• **Work to complete**:
Repeat the listing word for word. No pictures belong in the copy.

• **Available data**:
-- Opening Marker --

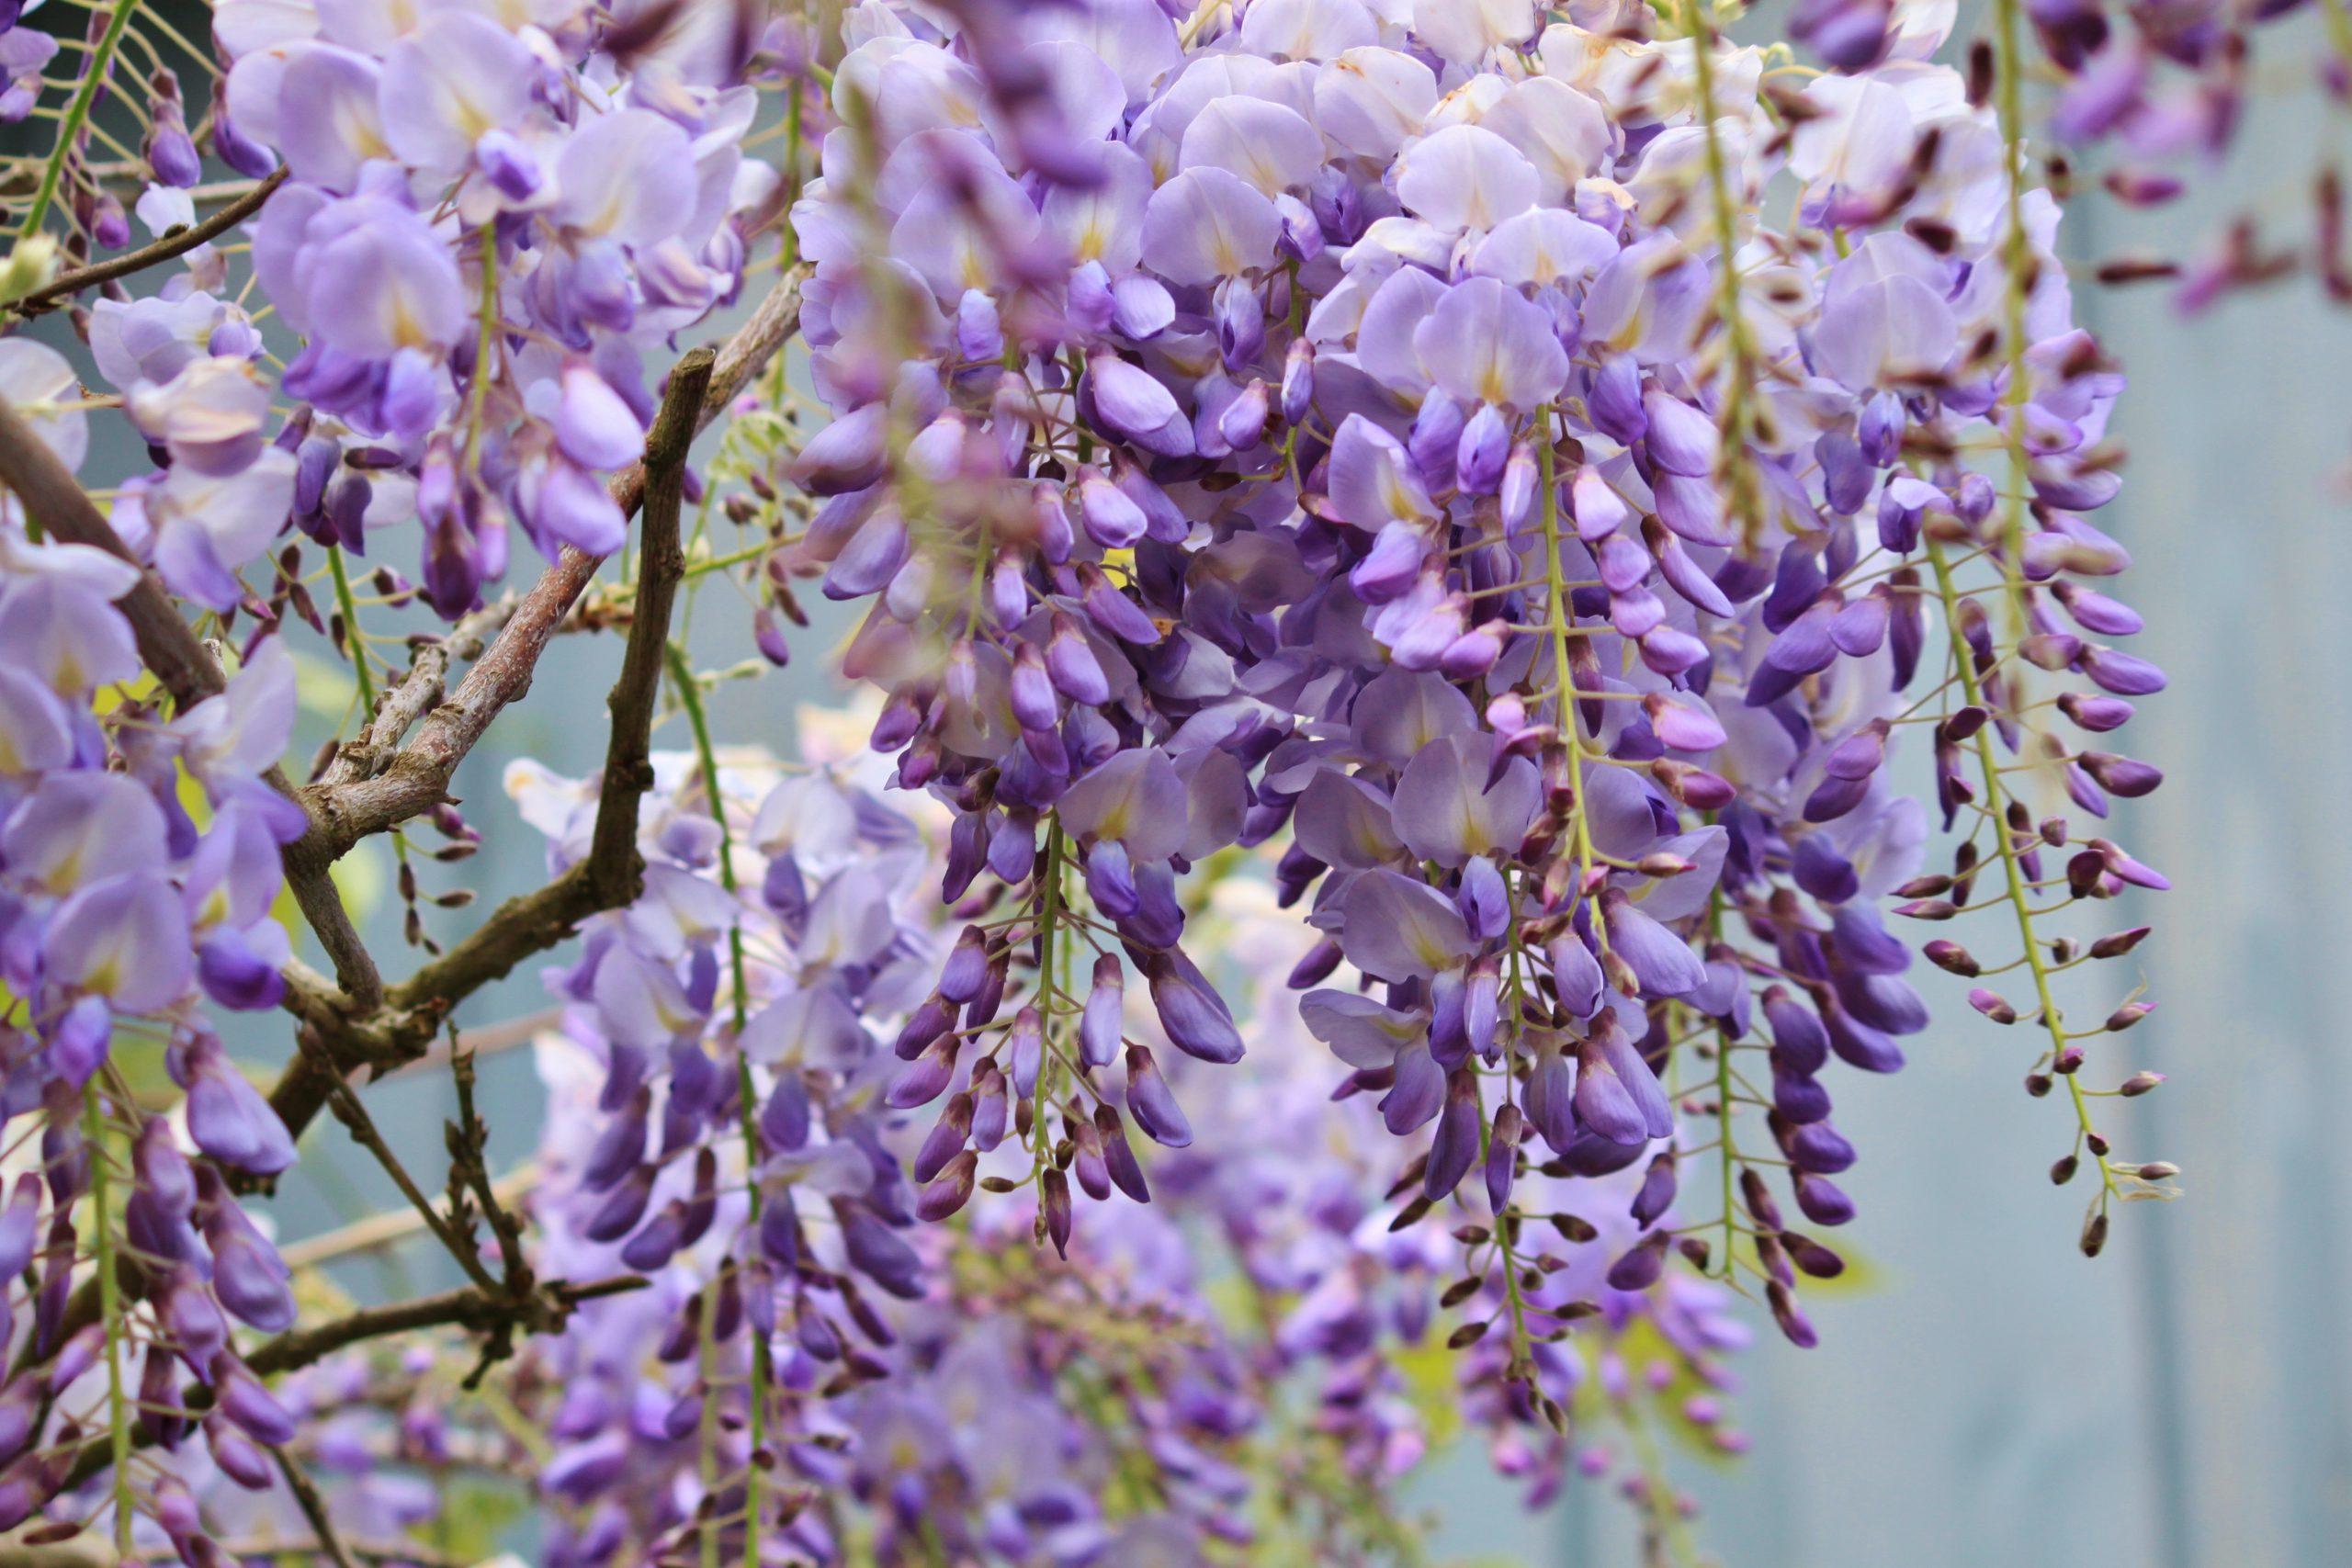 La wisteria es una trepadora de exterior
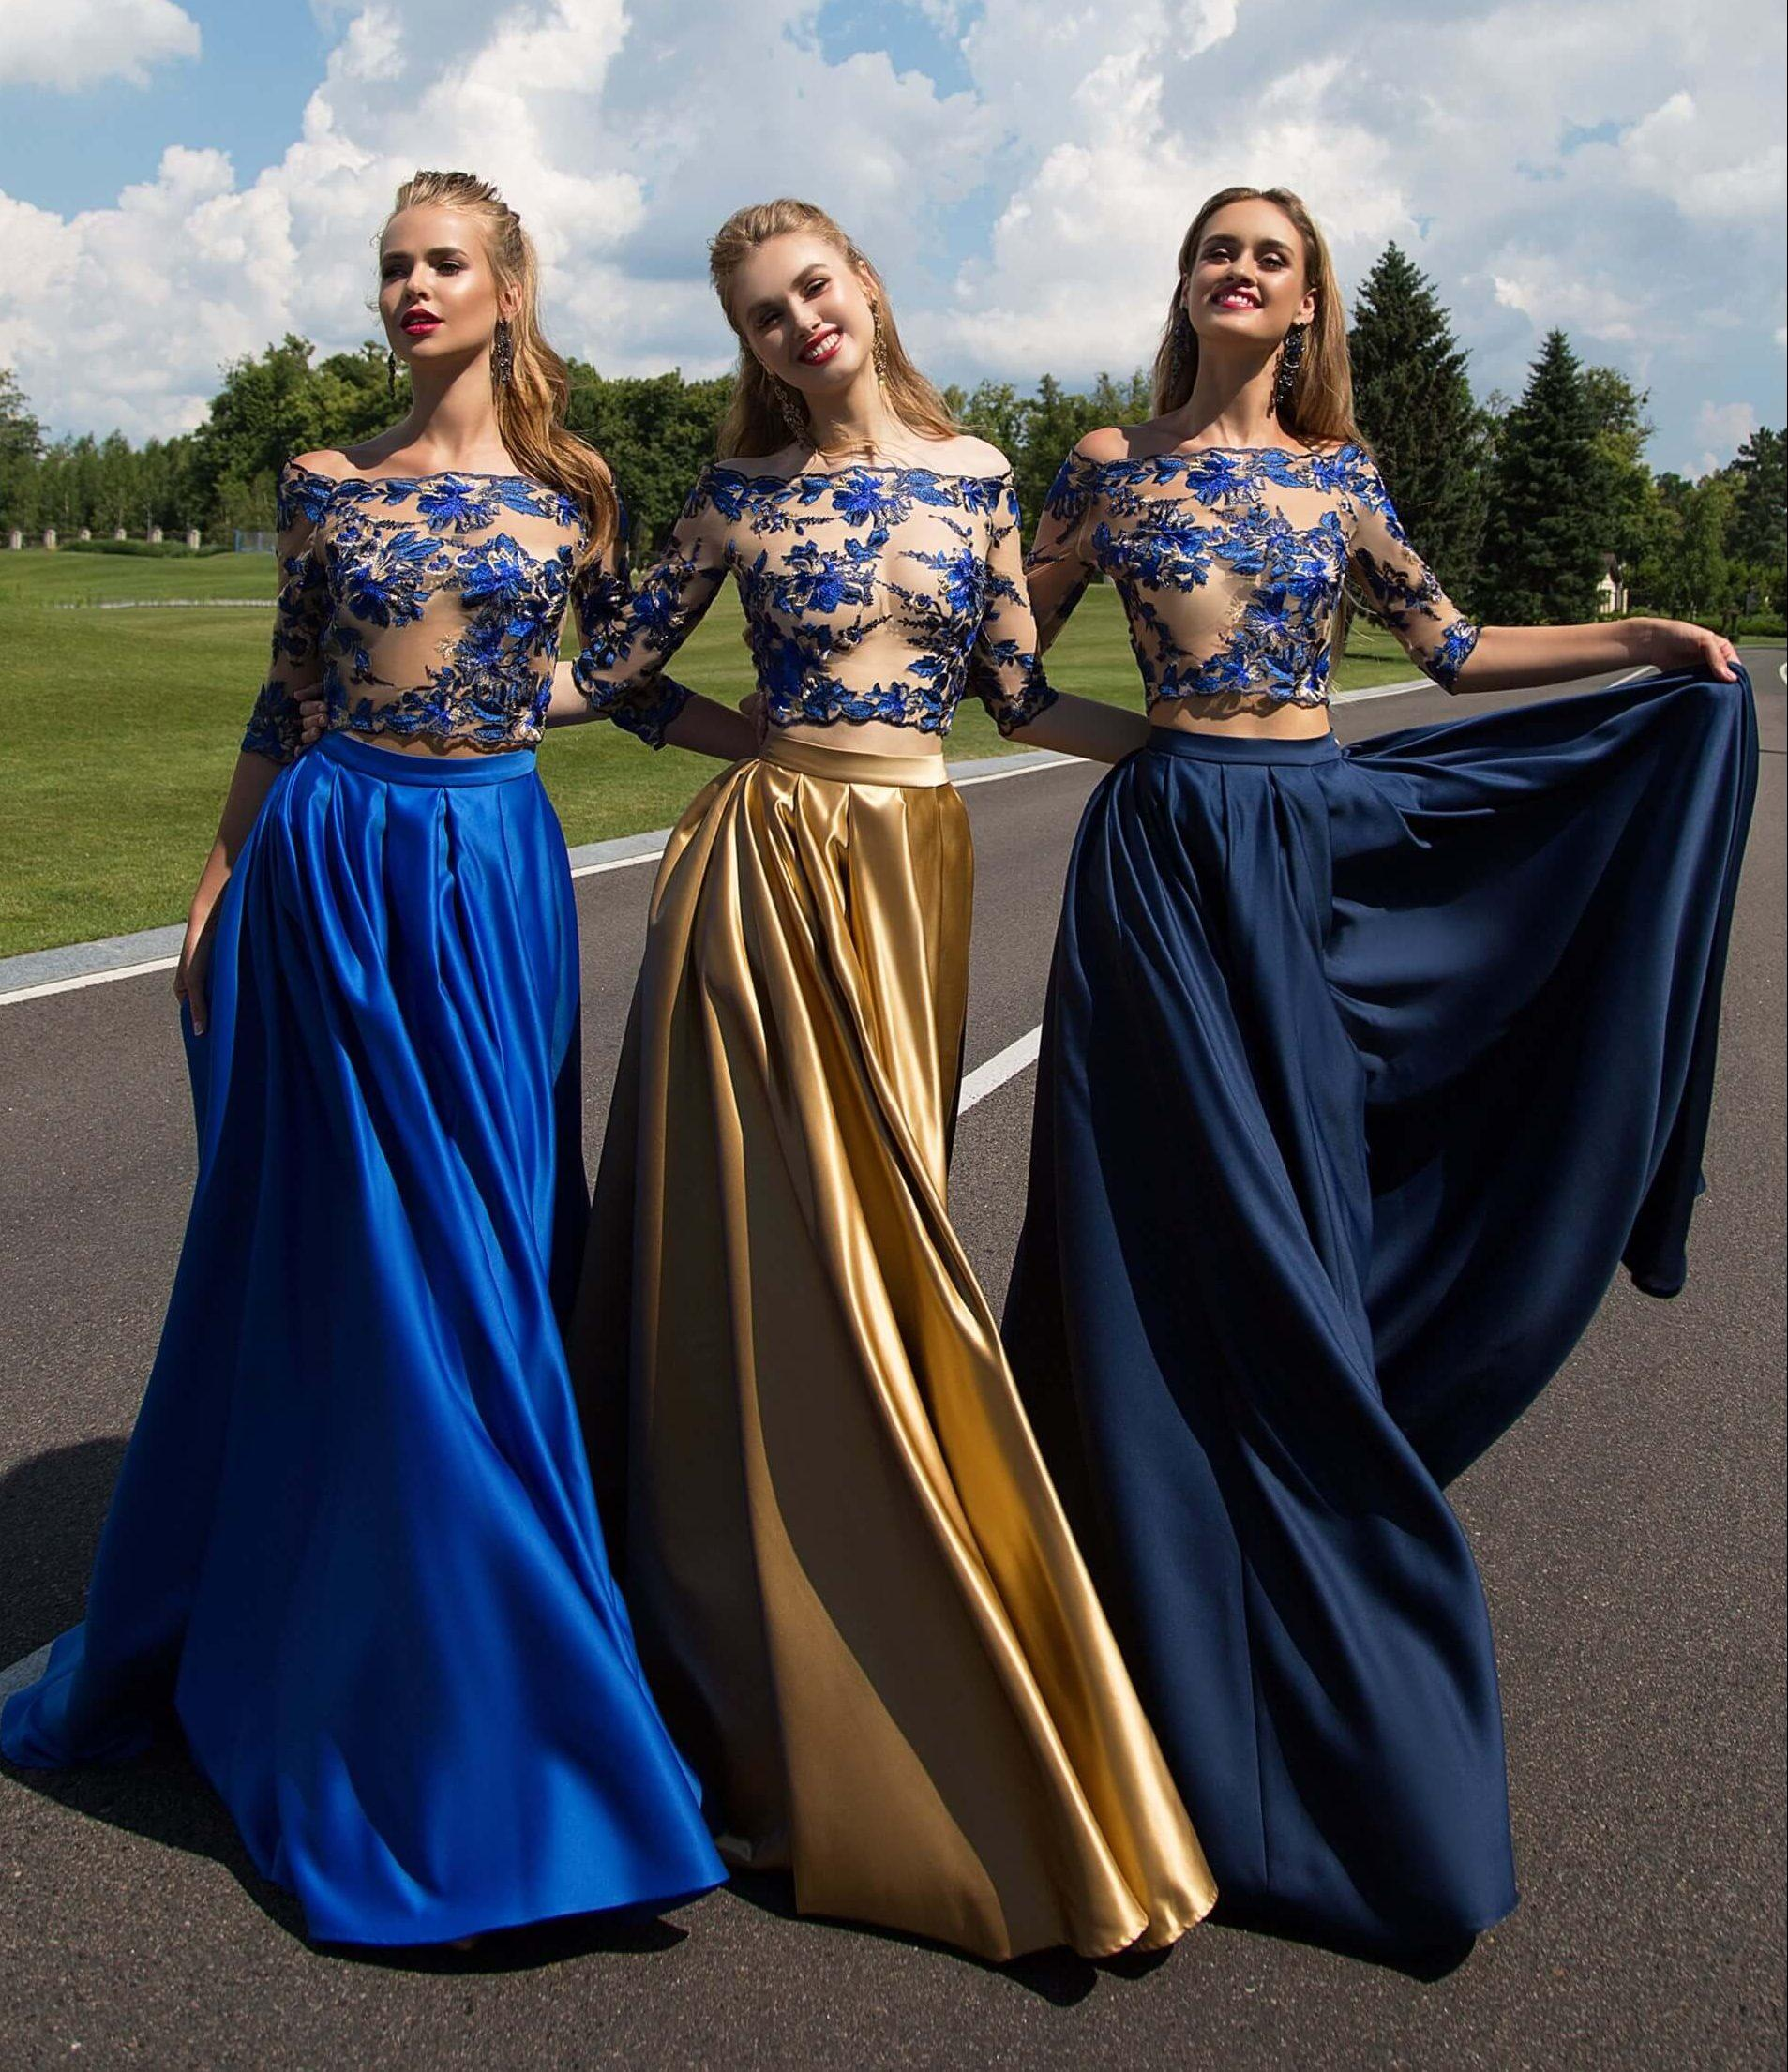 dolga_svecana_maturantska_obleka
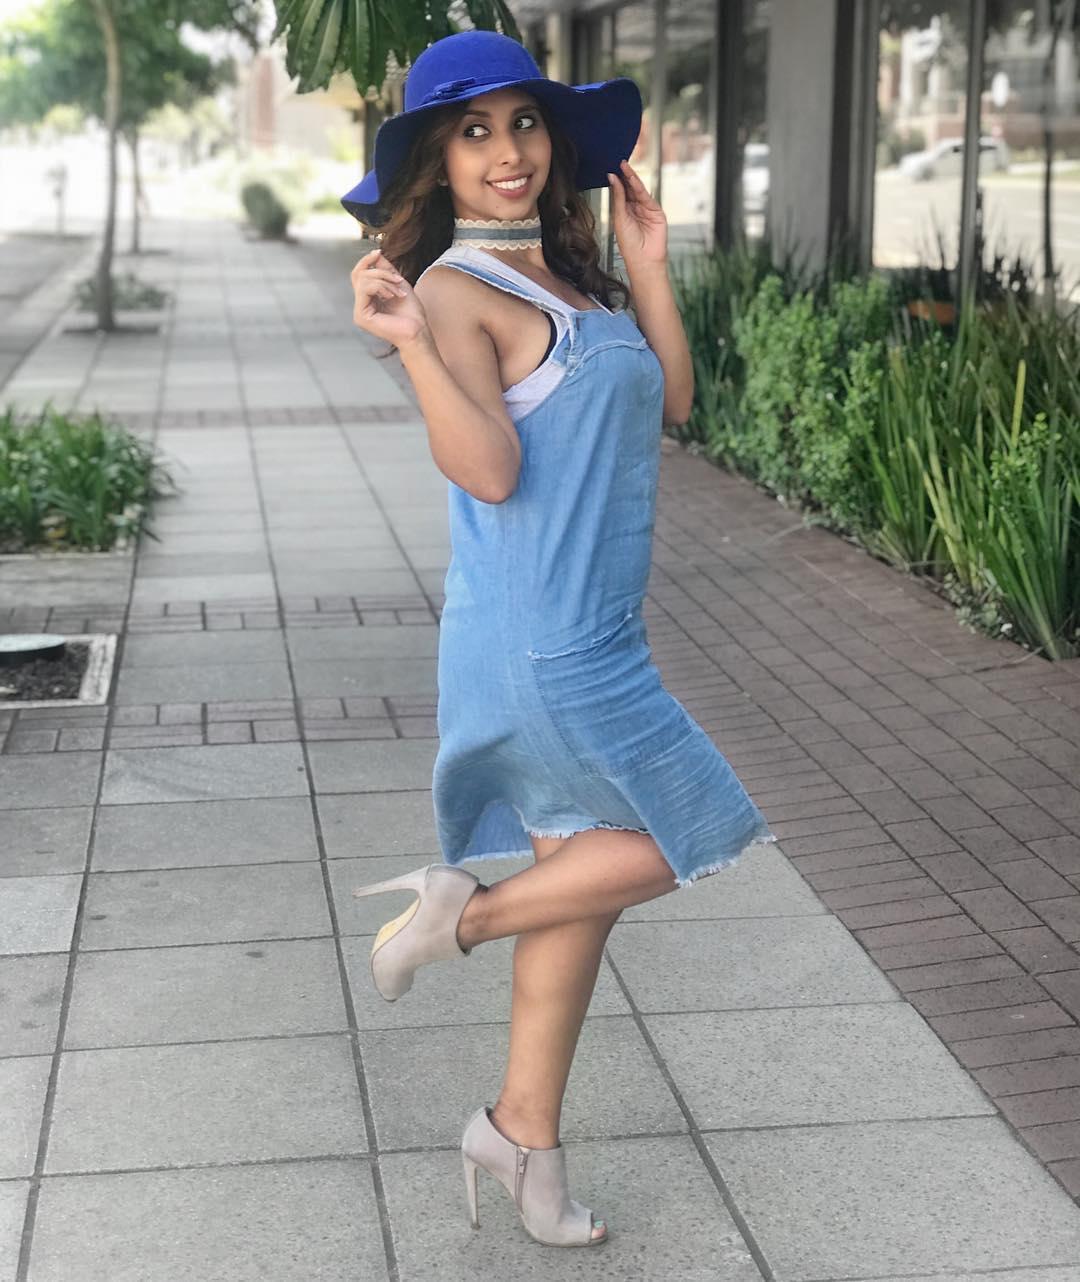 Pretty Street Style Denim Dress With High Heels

-- Closing Marker --

• **Response area**:
 La wisteria es una trepadora de exterior
 dolga_svecana_maturantska_obleka
 Pretty Street Style Denim Dress With High Heels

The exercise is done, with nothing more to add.